**Task item:** Return all of the data exactly, with nothing left out but the pictures.

**Raw data:**
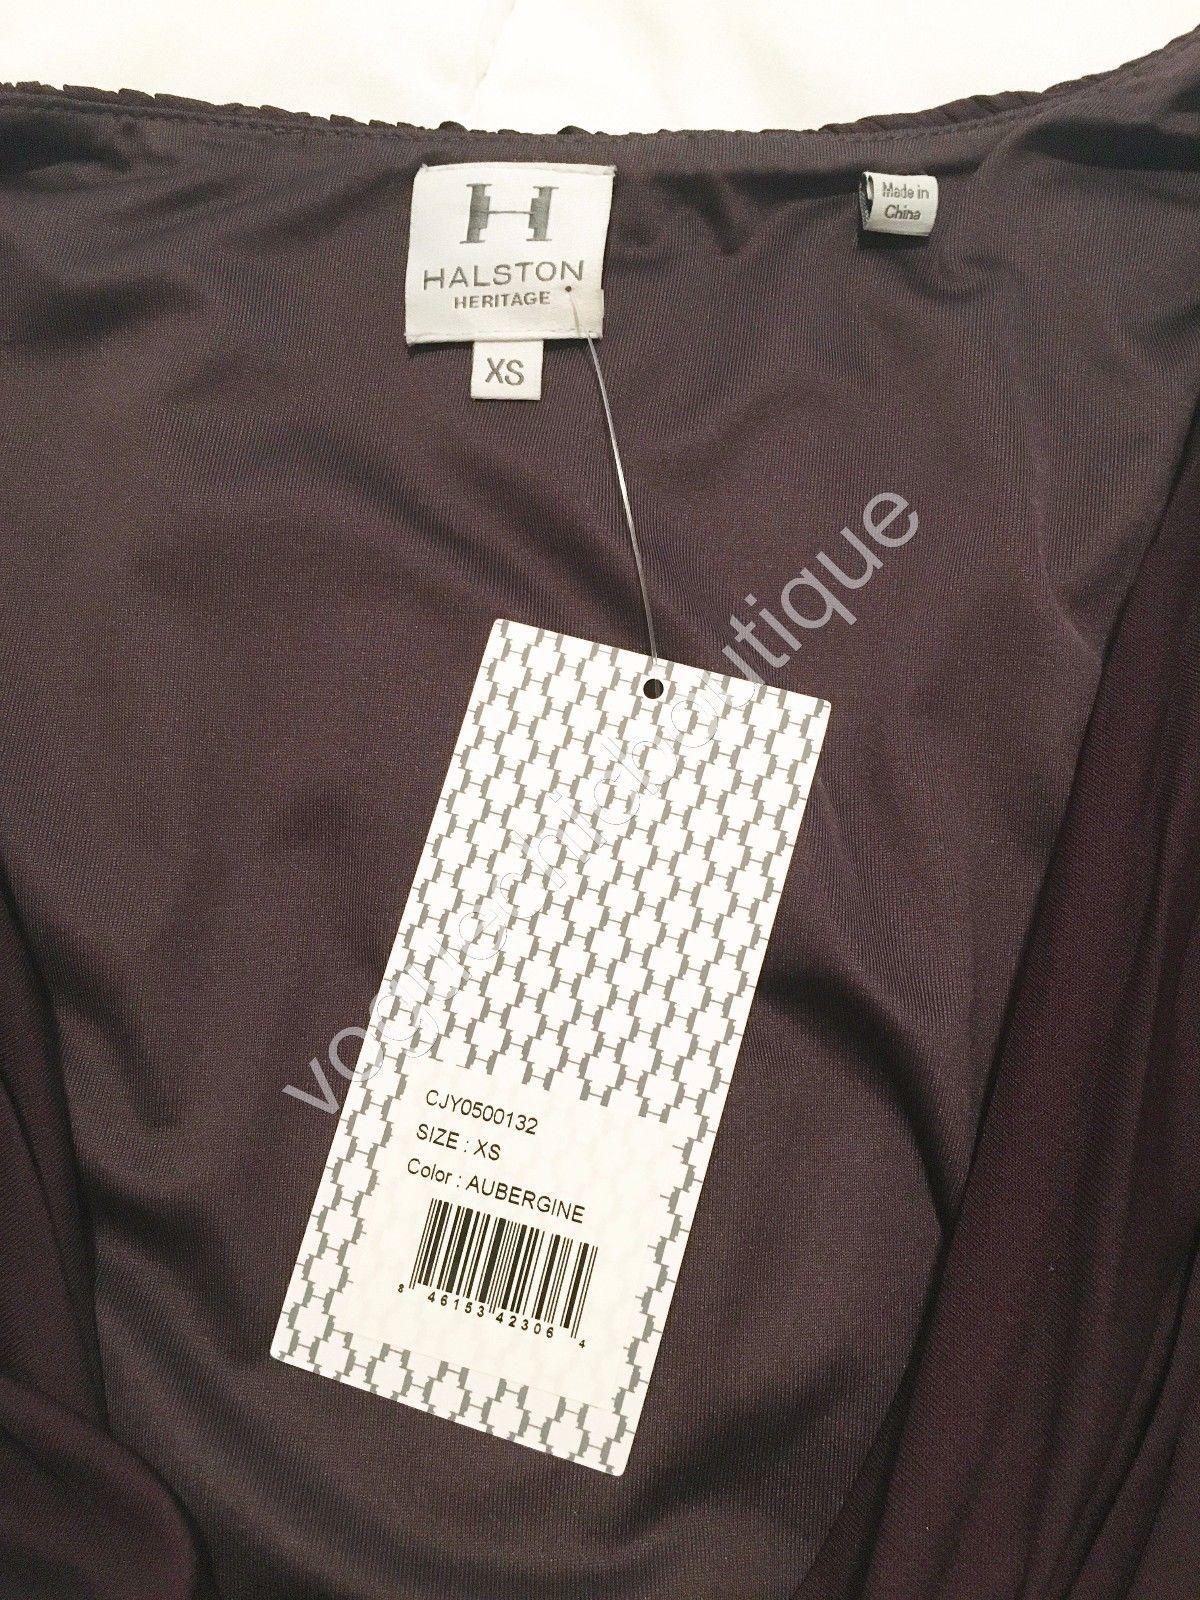 NWT Halston Heritage Ruched Jersey Mini Bodycon Dress Purple Aubergine XS 0 2 image 10
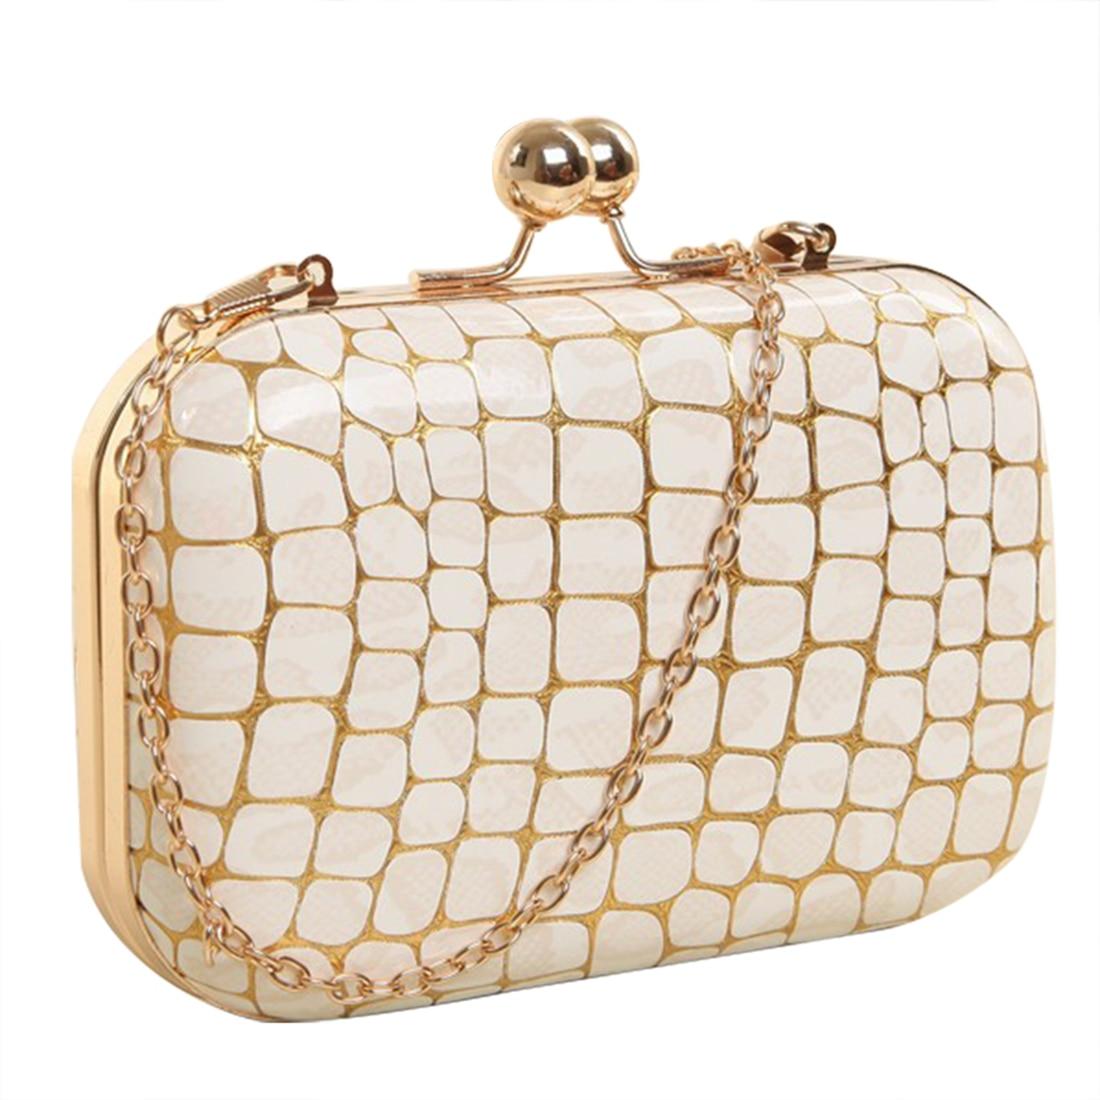 Hot Fashion Retro Stone pattern PU leather Womens mini evening bag fashion clutch banquet bag girls shoulder bag Messenger ba
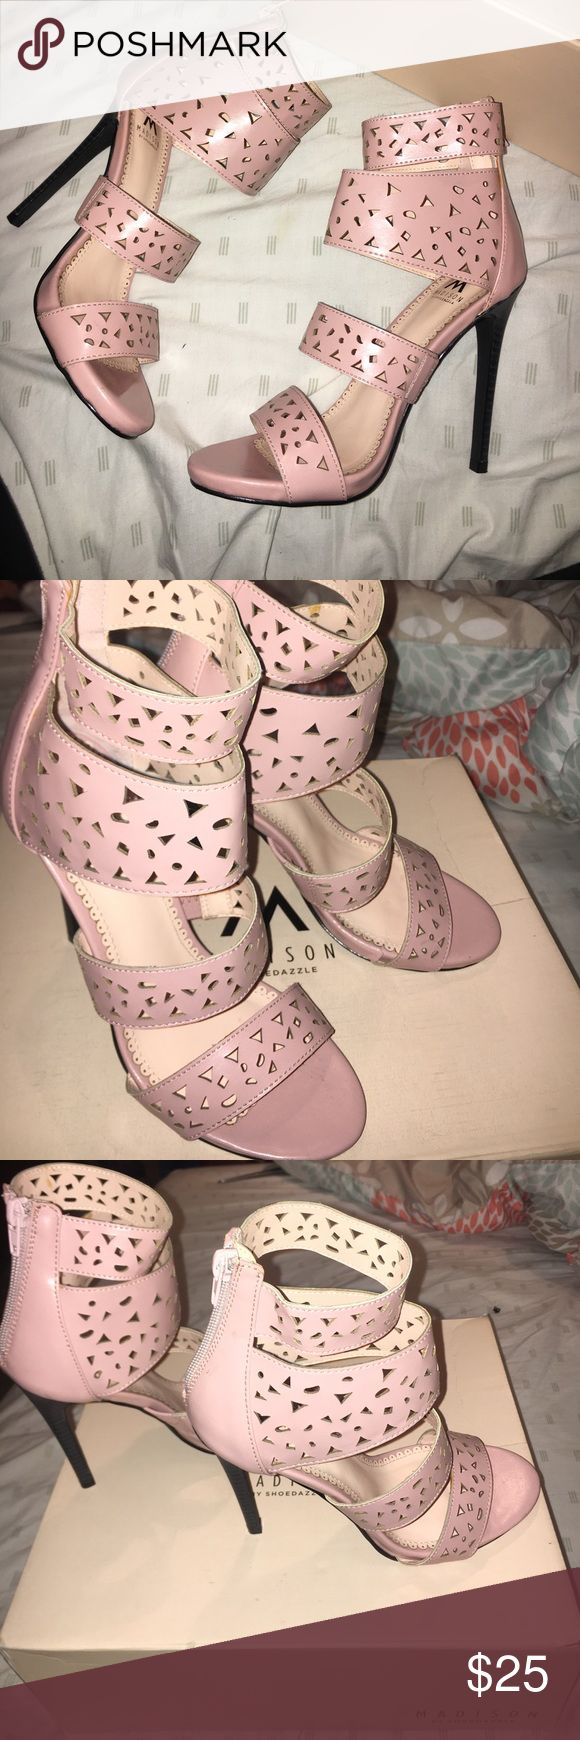 Shoe dazzle heels size 6.5 Cute light pink pumps, never worn still in box. Shoe Dazzle Shoes Heels
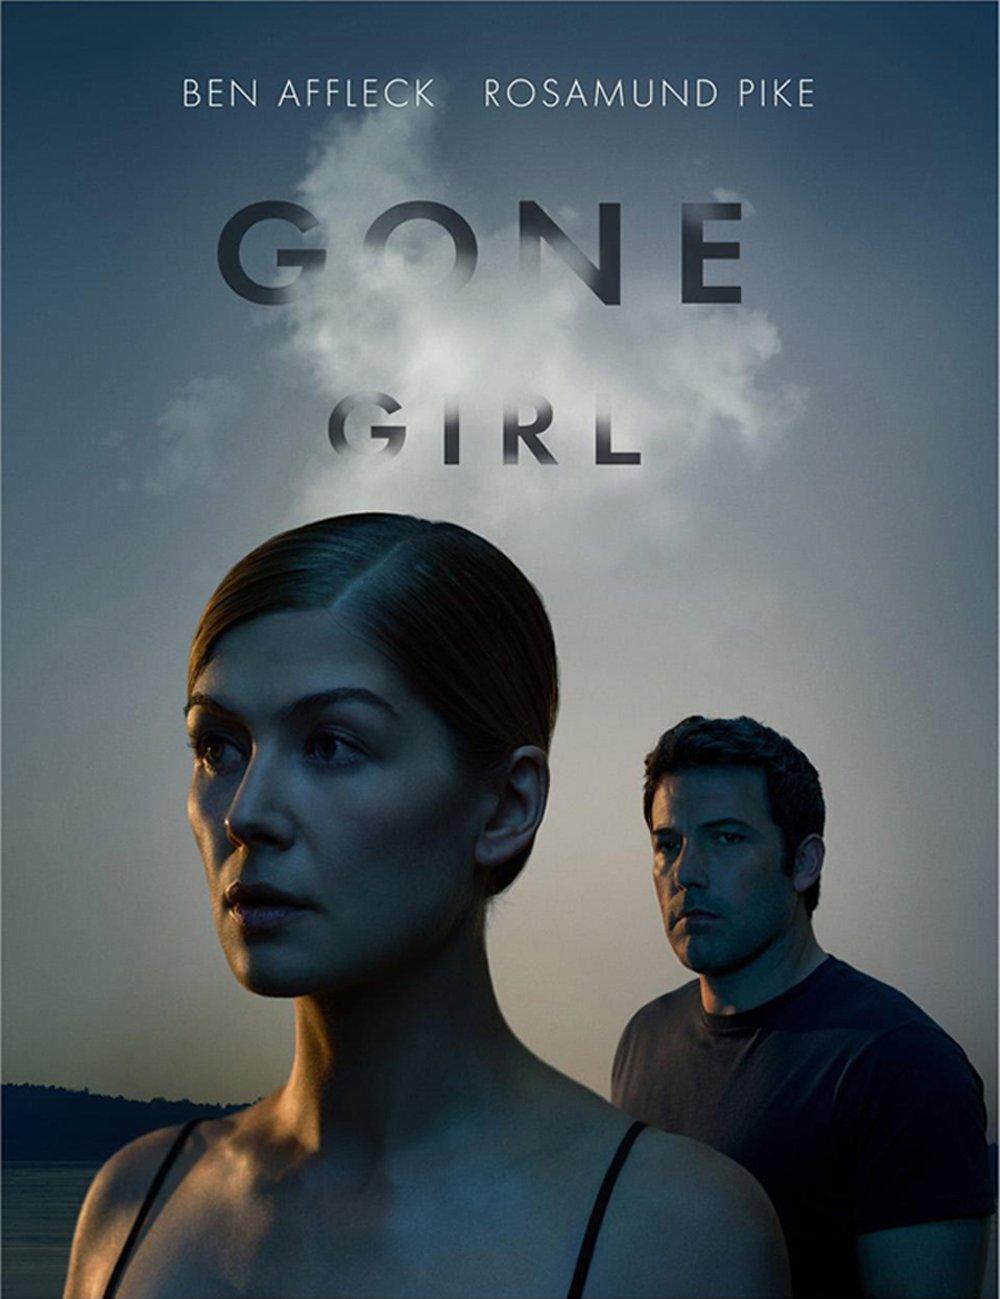 Review หนังดี) : Gone Girl (2014) - เมื่ออยู่ดีๆ เมียก็หายตัวไป  ทำให้ชีวิตของผัวต้องตกนรกทั้งเป็น - Pantip

**Written answer:**
 NWT Halston Heritage Ruched Jersey Mini Bodycon Dress Purple Aubergine XS 0 2 image 10
 Hot Fashion Retro Stone pattern PU leather Womens mini evening bag fashion clutch banquet bag girls shoulder bag Messenger ba
 Shoe dazzle heels size 6.5 Cute light pink pumps, never worn still in box. Shoe Dazzle Shoes Heels
 Review หนังดี) : Gone Girl (2014) - เมื่ออยู่ดีๆ เมียก็หายตัวไป  ทำให้ชีวิตของผัวต้องตกนรกทั้งเป็น - Pantip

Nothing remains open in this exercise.